May 04, 1993|By Kerry O'Rourke | Kerry O'Rourke,Staff Writer

Parents opposed to an indoor shooting range in Eldersburg said last night they may appeal a Carroll zoning board's decision to allow the range if they can find an attorney to work for free.

The parents, some of them members of the South Carroll Coalition, also may organize a campaign to pressure the Eldersburg Business Center to cancel the range's lease or move it elsewhere in the building.

Whatever the group decides, it must be done quickly, coalition President Kathleen Horneman told 17 people at a coalition meeting last night at the Eldersburg branch of the Carroll County Public Library.

The group has until May 27 to appeal to Carroll Circuit Court a decision last Tuesday by the Carroll Board of Zoning Appeals to allow Top Gun Indoor Range Inc. to open. Range owners -- Pikesville attorney Jay L. Liner and Arbutus homebuilder Joseph R. Twilley -- said they plan to open a 16-lane range this fall.

Ms. Horneman said it would cost $2,500 to $3,500 to appeal the zoning board decision. The coalition does not have the money, she said.

Some parents who testified at the zoning hearing said they oppose the range because it would be across the street from Liberty High School and next to Super Sports Inc., an indoor arena popular among children. They said they feared for their children's safety.

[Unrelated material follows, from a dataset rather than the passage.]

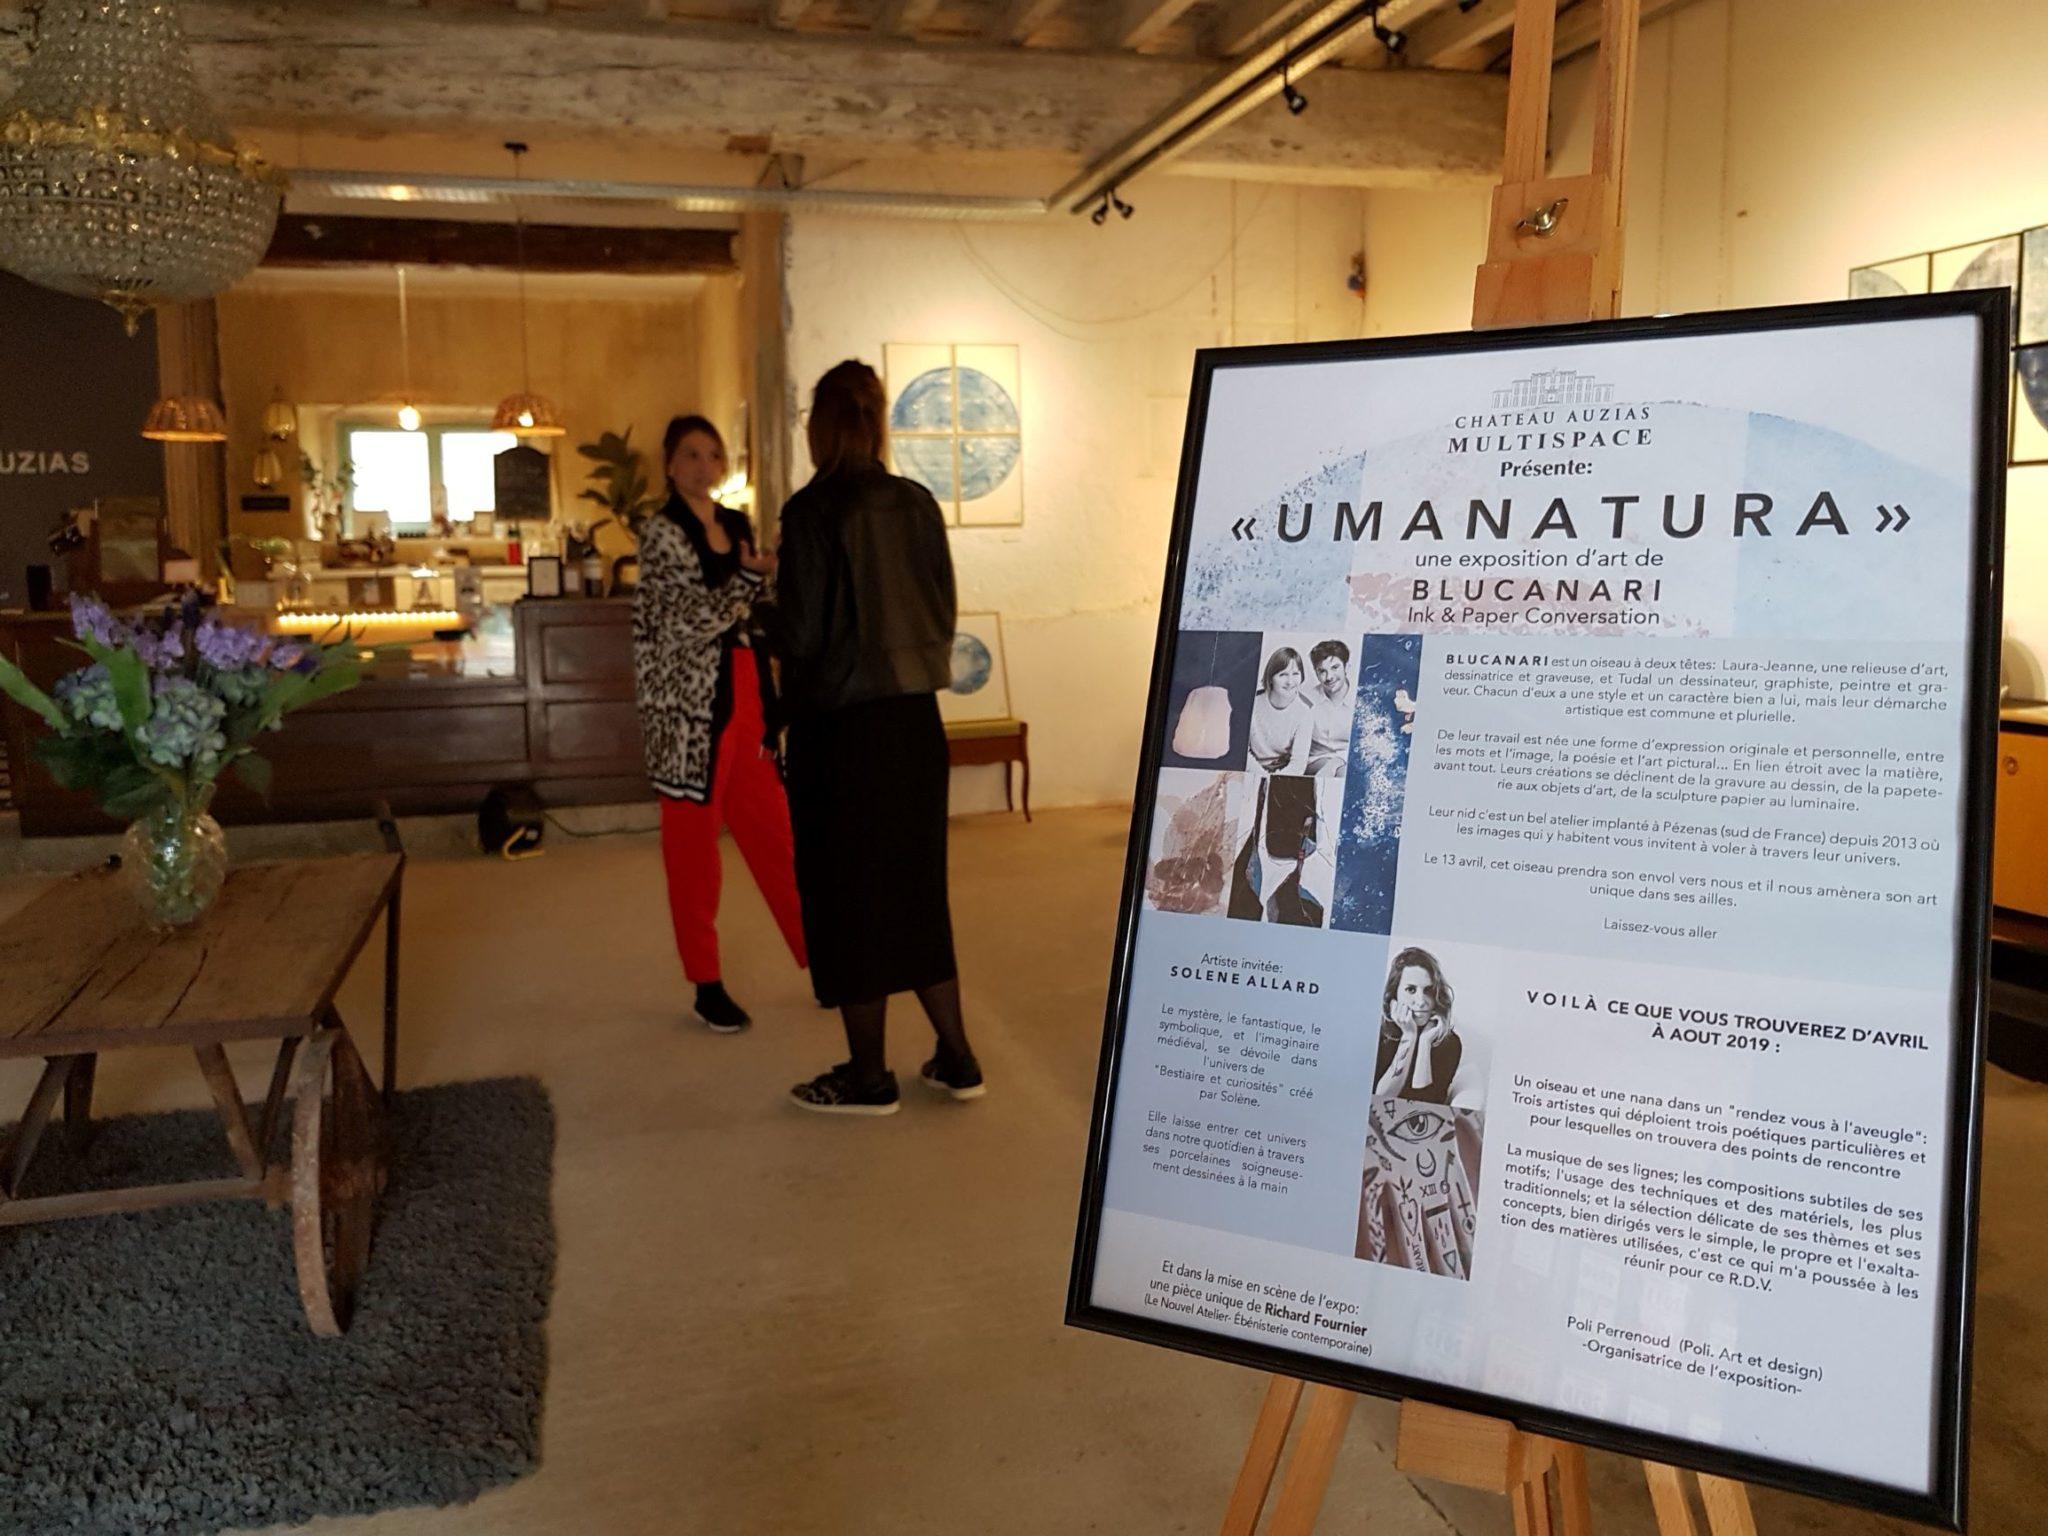 EXPOSITION UMANATURA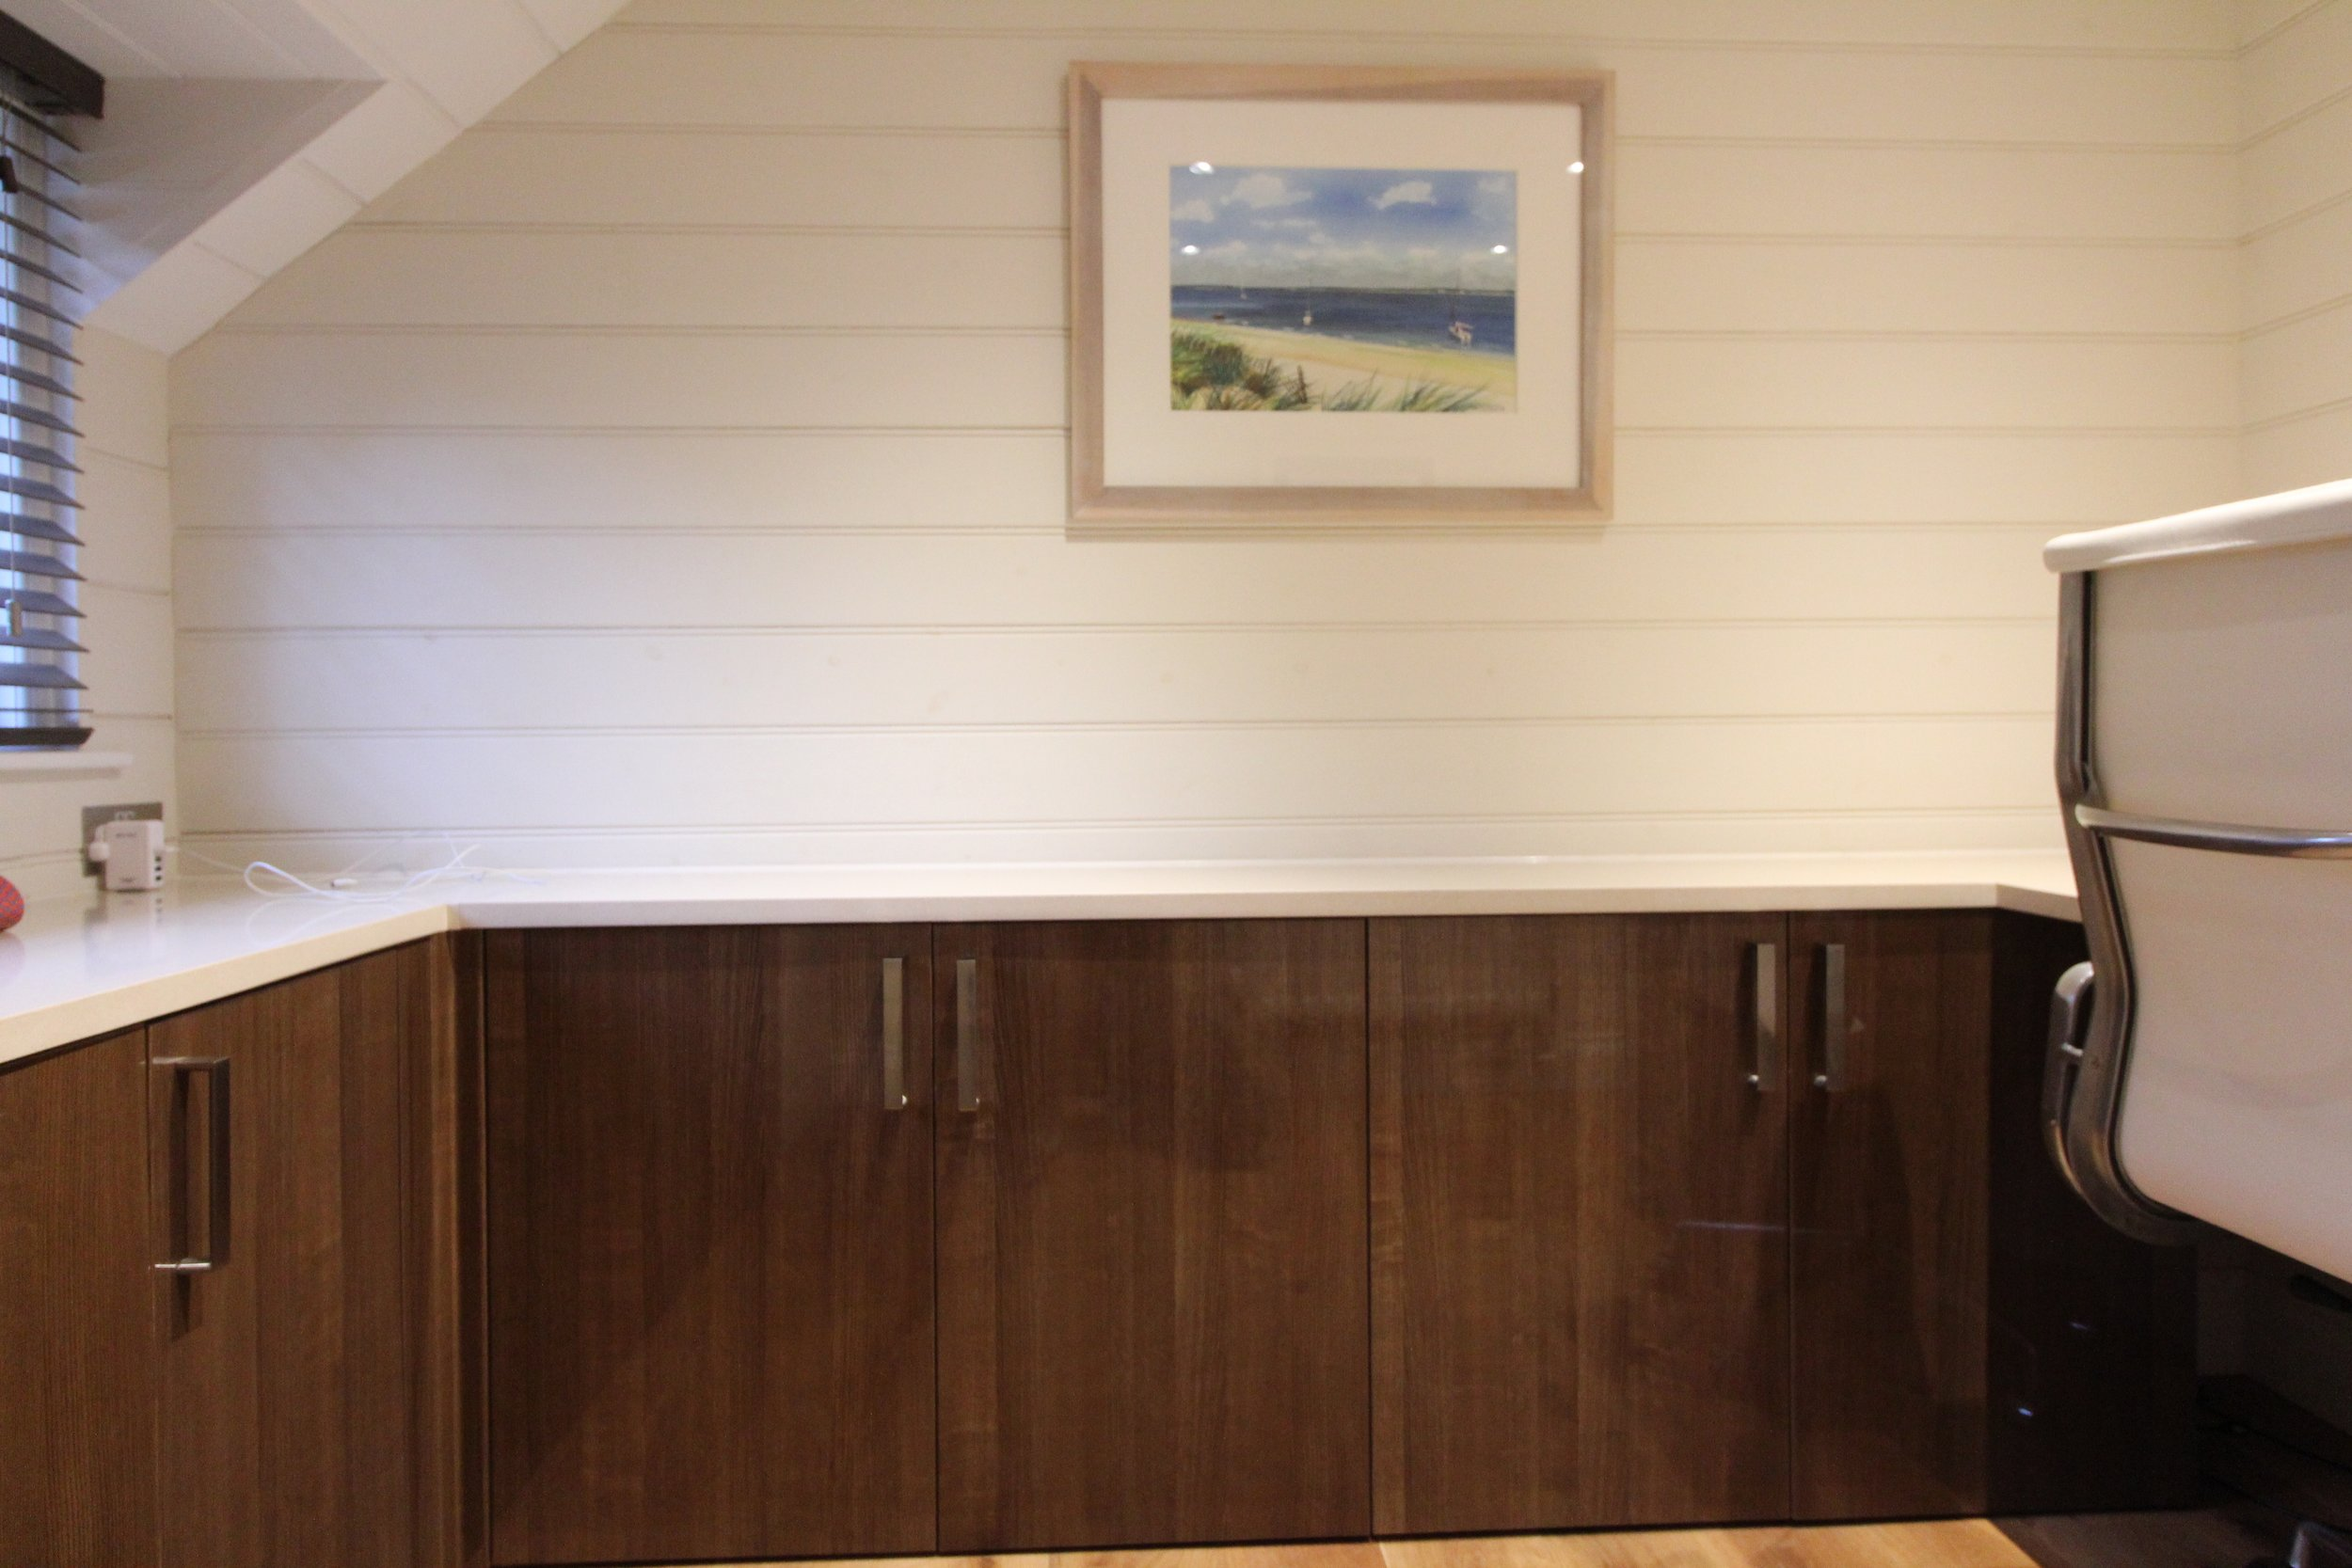 Silestone worktops create a clean workspace over storage cabinets.

Last night, Super Sports owner Mark Hughes said business center owners Leroy and Rob Merritt might be receptive to calls from concerned parents.

Some parents have threatened to boycott Super Sports if the shooting range opens, Mr. Hughes testified at the hearing. He said last night that the range would be less of a problem if it were farther away from his arena in the business center.

Debbie Keyser of Eldersburg, a Montgomery County police officer, said the people who would come to shoot targets at the range would be responsible gun owners.